# systemaattinen vs. järjestelmällinen, etc.



## Gavril

I have a question about the following sentence:
_
Yllätys on iloinen: käsissämme on tutkimus, jossa vaikeana ja kaoottisena pidet-_ _tyä aihetta on lähestytty systemaattisesti ja eksaktein metodein._

Would the meaning of the sentence change if one replaced the underlined words with “järjestelmällisesti ja tarkoin menetelmin”? (And “kaootisena” with “sekasorrollisena”?)

Kiitos


----------



## Grumpy Old Man

There would be no change in meaning. My ear would prefer _sekasortoisena_ to _sekasorrollisena_, though. _Pidettyä_ shouldn't be hyphenated, but I think you already knew that, didn't you?

GOM


----------



## sakvaka

Grumpy Old Man said:


> There would be no change in meaning.
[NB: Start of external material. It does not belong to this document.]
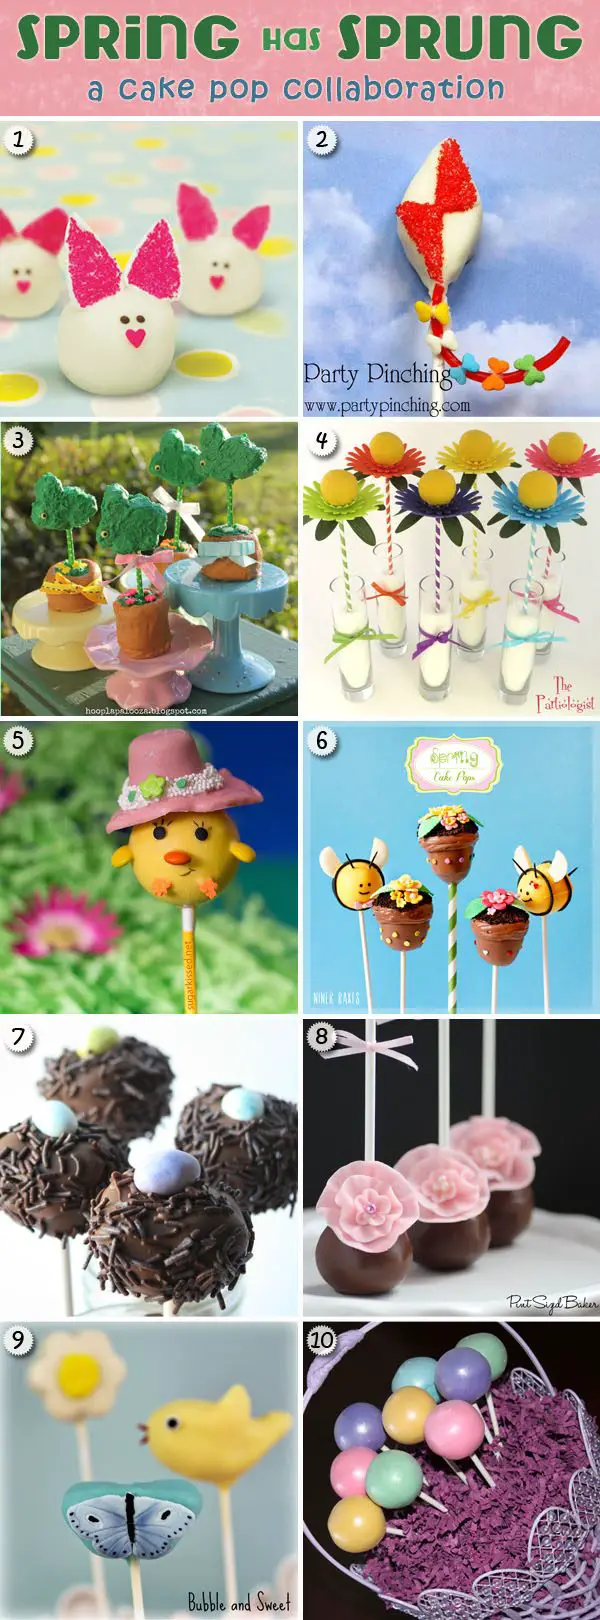 Springtime Cake Pop Nests, Lay The Table

My ear would prefer _sekasortoisena_ to _sekasorrollisena  so would mine!_, though. _Pidettyä_ shouldn't be hyphenated, but I think you already knew that, didn't you?
> 
> GOM



I agree with GOM. I believe that in the original article, there has been a line break within the word _pidettyä_.


----------



## Gavril

sakvaka said:


> I agree with GOM. I believe that in the original article, there has been a line break within the word _pidettyä_.



Correct, I forgot to fix it.


----------